Reading for Listeners (r4l)

I have issues reading pdfs and listening to them helps me out massively! So I'm working on a user-friendly application that can be given a pdf (or txt file) and spit out an MP3 file. In the future, this'll be a fun server that'll do the hard work, but for now, it'll just be a python/bash project. This is a small personal project, so there won't be regular updates per se, but when I have time I'll push what I've got.

Features

Holistic OCR Improvement

The biggest problem with PDFs is they either don't have text within the document (are essentially images) or the existing text (usually the result of OCR) is of poor quality. OCR is often pretty bad on pdfs that I am given, so I use BERT (a masked language model) to improve spell-check results. In future this'll be replaced by Microsoft's TrOCR.

TTS with Inflection

If OCR was the only problem, I'd just use make ocrmypdf output to espeak and we'd be done. Unfortunately, espeak sounds terrible. There's no inflection and it's really hard to pay attention to it for long periods of time. That's where Coqui.ai's TTS comes to the rescue, making hours-long readings bearable.

Always FOSS

The other solutions to this problem are closed source and cost a lot of money. This is free.

Simple UI

Eventually this project will have a neat web UI which'll require very little input from the end user. This is accessibility software after all -- it would be weird if it was hard to use.

Install

If you're just going to run it (on debian/ubuntu):

sudo apt install -y python3 python3-venv espeak ffmpeg tesseract-ocr-all python3-dev libenchant-dev libpoppler-cpp-dev pkg-config libavcodec libavtools ghostscript poppler-utils

Make a virtual environment, get pytorch, then run

pip install reading4listeners

And you're all set!

Install from file

On debian, run

sudo apt install -y python3 python3-venv espeak ffmpeg tesseract-ocr-all python3-dev libenchant-dev libpoppler-cpp-dev pkg-config libavcodec libavtools ghostscript poppler-utils

git clone https://github.com/CypherousSkies/pdf-to-speech

cd pdf-to-speech

python3 -m venv venv

souce venv/bin/activate

pip install -U pip setuptools wheel cython

get pytorch

python setup.py develop

Takes ~2-3GB of disk space for install

Usage

r4l [--in_path in/] [--out_path out/] [--lang en] runs the suite of scanning and correction on all compatible files in the directory in/ and outputs mp3 files to out/ using the language en.

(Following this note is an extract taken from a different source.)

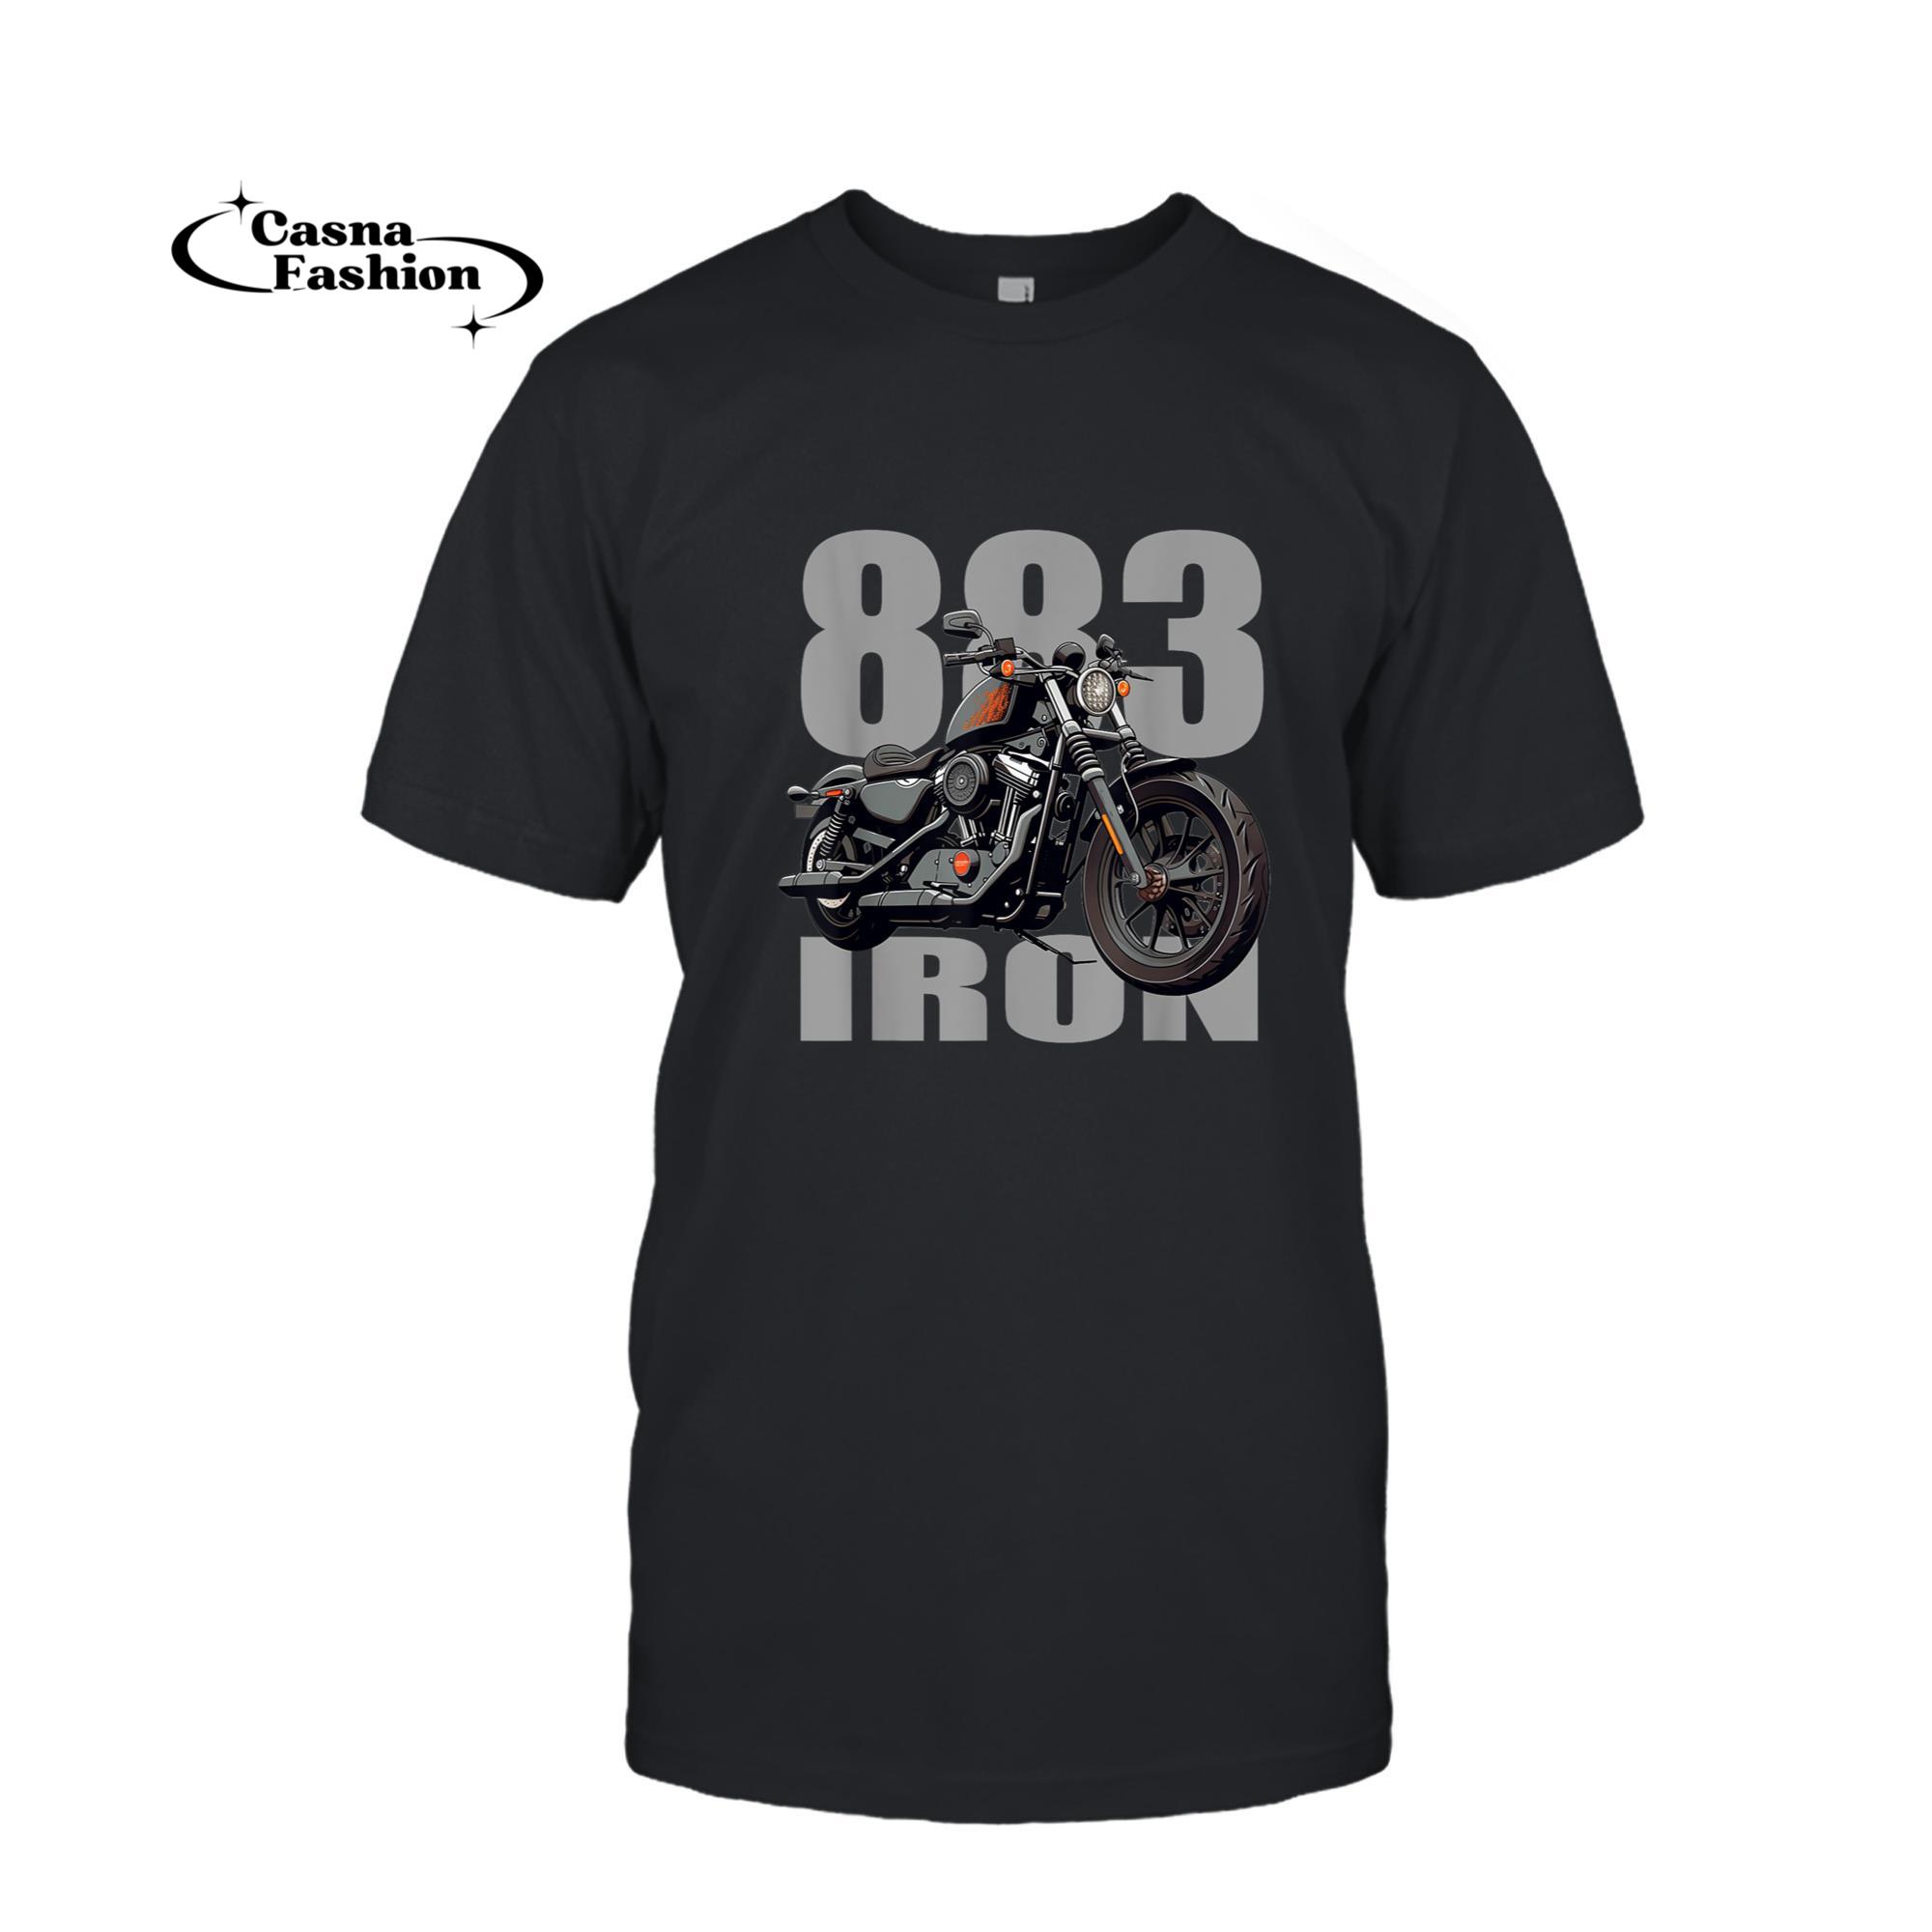 casnafashion_T-shirt_883 Iron Classic Motorcycle Biker T-Shirt_T-shirt_Black

Run r4l --list_langs to list supported languages

Benchmarks

On my current setup (4 intel i7 8th gen cores, no gpu, debian 10, 5gb ram+7gb swap) takes 0.124*(word count)-3.8 seconds (r^2=0.942,n=6), which is actually pretty good, clocking in at around 10 words per second with some overhead. Unfortunately, almost all of the pdfs I'm experimenting with are in the 10s of thousands of words, which clocks in at around half an hour, which is less good for getting through my backlog. Ah well.

Under the Hood

At a high level, here's how this works:

input.pdf -> ocrmypdf (ghostscript -> unpaper -> tesseract-ocr) -> preprocessing (regex) -> ocr correction (BERT) -> postprocessing (regex) -> text to speech (Coqui.ai TTS) -> wav to mp3 (pydub) -> out.mp3

Future work

I'll almost certainly need to fine-tune TrOCR/BERT and TTS to better deal with the texts I'm interested in when I get access to a ML rig, but until then, I'll keep using the off-the-shelf models. Hopefully this can all be controlled by a nice, simple web ui and left running on a server for public use. Also I'd like to package this into an executable which requires minimal technical knowledge to use and maintain, but that's a far-off goal.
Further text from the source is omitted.